I took the stone out of its case and looked at it. All in the rough as it was, it had some splendid rays when you got it into the sun. Just now it shot out crimson, blue and green like a display of fireworks.
“Mark, it’s a beauty,” I said. “I don’t see myself giving it up to a man-eating savage to make spells with; not much. But I don’t see either——”
“The Aryan races,” began the Marquis.
“Oh, don’t get scientific,” I begged. “I don’t feel as if I could stand it this morning, somehow. Besides, I was discussing what we were going to do.”
“Also I, if you would permit. The Aryan races—or, if you will be impatient and make grimace at me, I will jump some thousand years. You say you can not think what we shall do; it is solely because you are of the Teutonic descent. It has courage, this branch, but nimbleness in the mind it has not. The Latin races of whom I am one——”

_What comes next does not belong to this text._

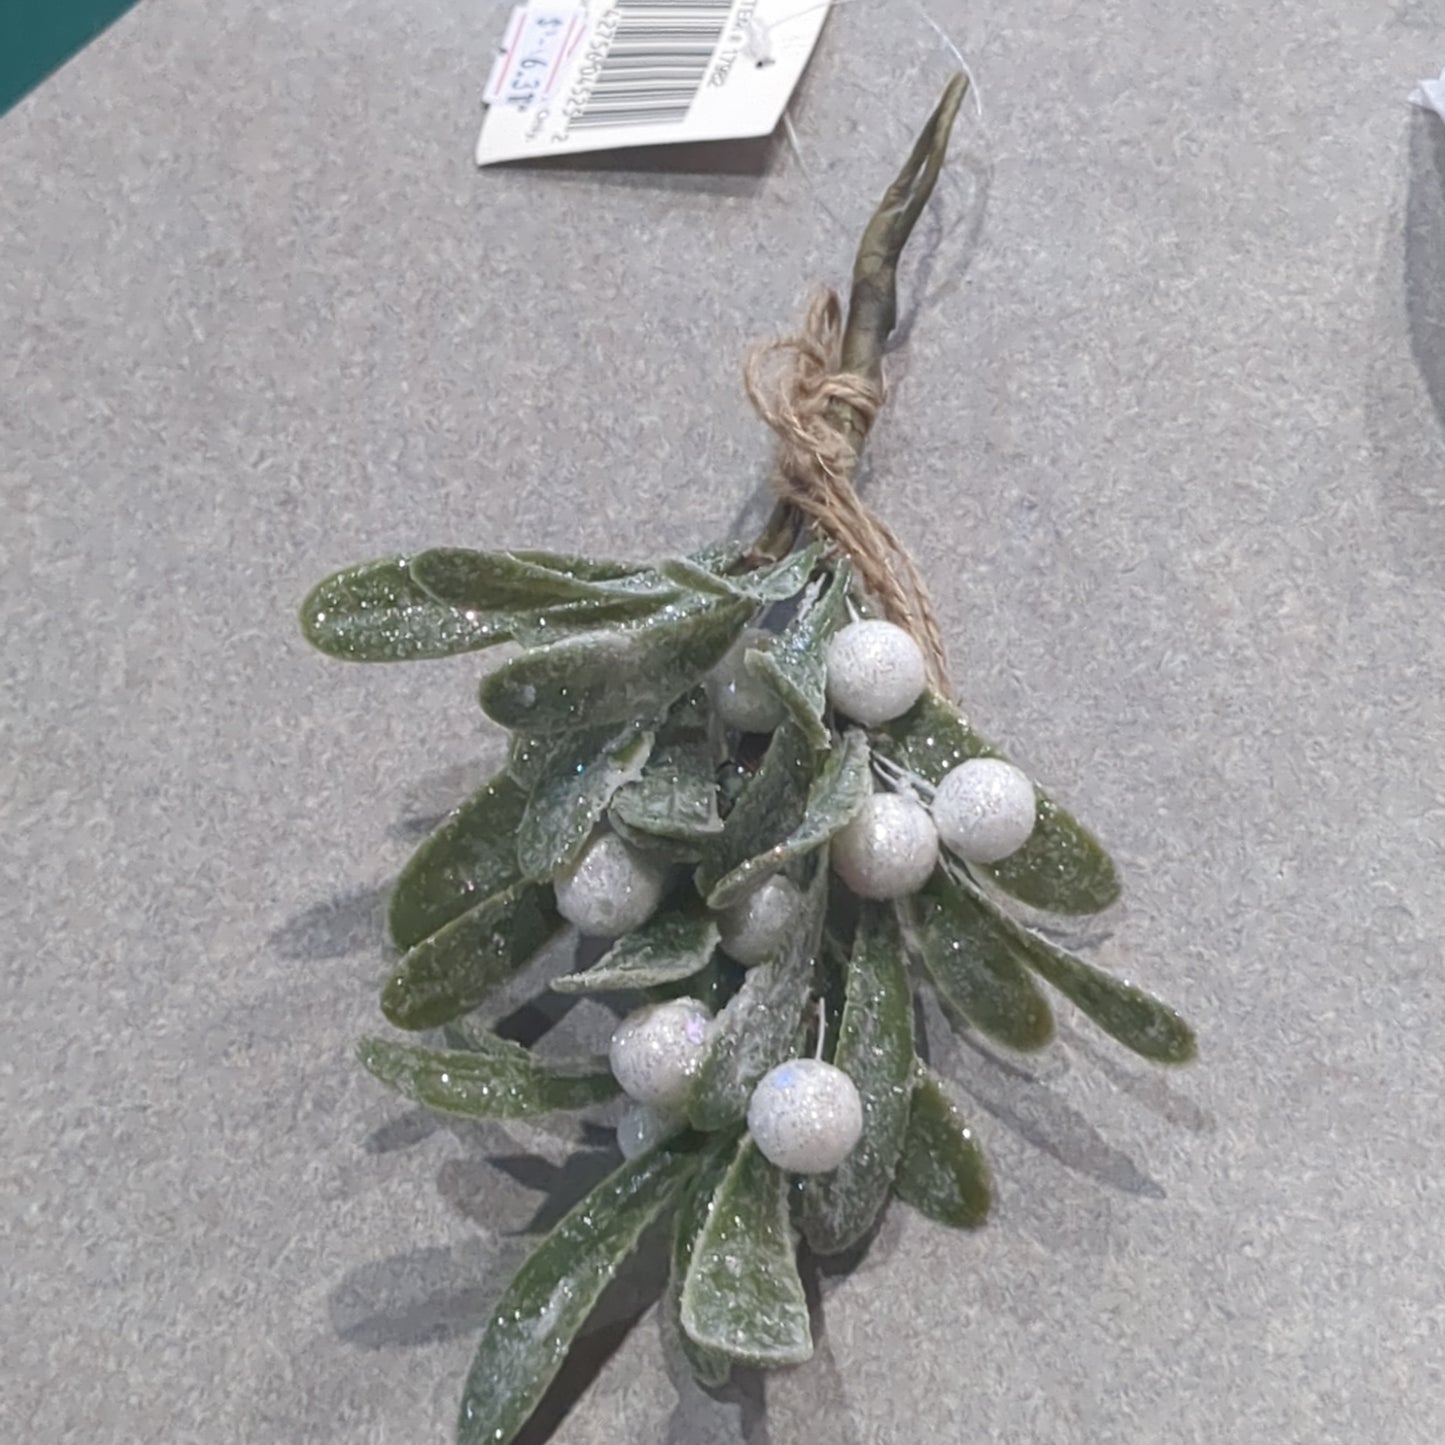 Glittered Mistletoe Ornament
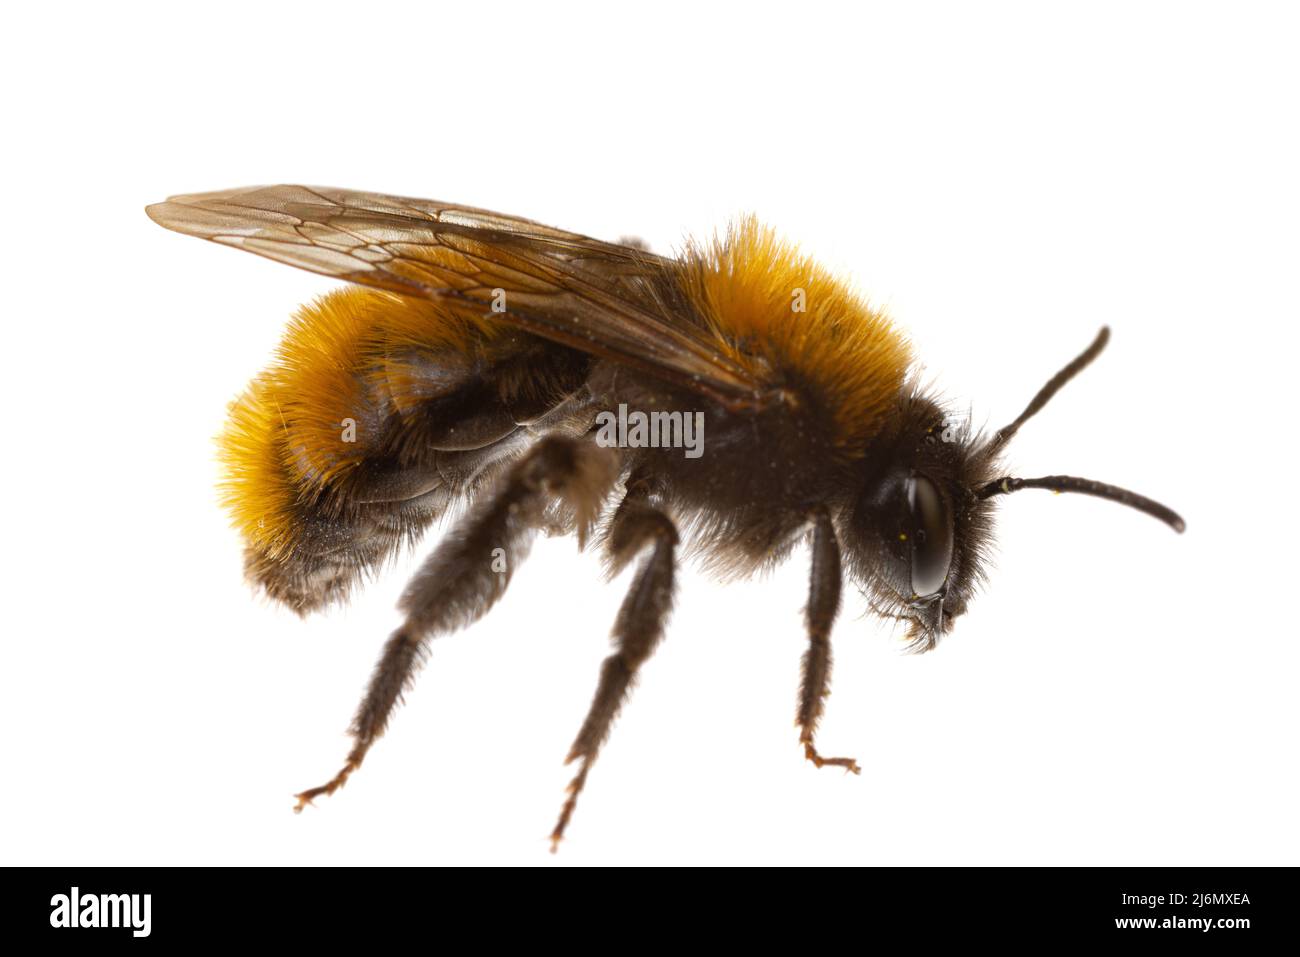 Insects of europe - Bienen: Makro der weiblichen Waldbiene ( Andrena fulva german Rotpelzige Sandbiene) isoliert auf weißem Hintergrund Seitenansicht Stockfoto

“Oh, cut it, Marky,” I begged. “I believe they’re coming back; we’ve got to be serious.”
“I am everything that there is of serious, man with a head of a cabbage! I myself will show you what it is to belong to the Latin. Do you leave the negotiation to me?”
“Oh, you can do the talking,” I said. “You can do no harm, if you can’t do good. I’ll pass on anything you say, and at the same time keep a lookout for an ambush, which is just as likely as not.”
The Koiroros, it appeared, had brought the sweet potatoes with them, and concealed them not far away, for there they were, back again with a good load before the Marquis and I had well finished our discussion.
“Now,” said my companion, drawing himself up to his full height, “it is for you to see what it shall mean to be of the Latin and not of the Teutonic race. Behold! Tell them they shall not have the diamond.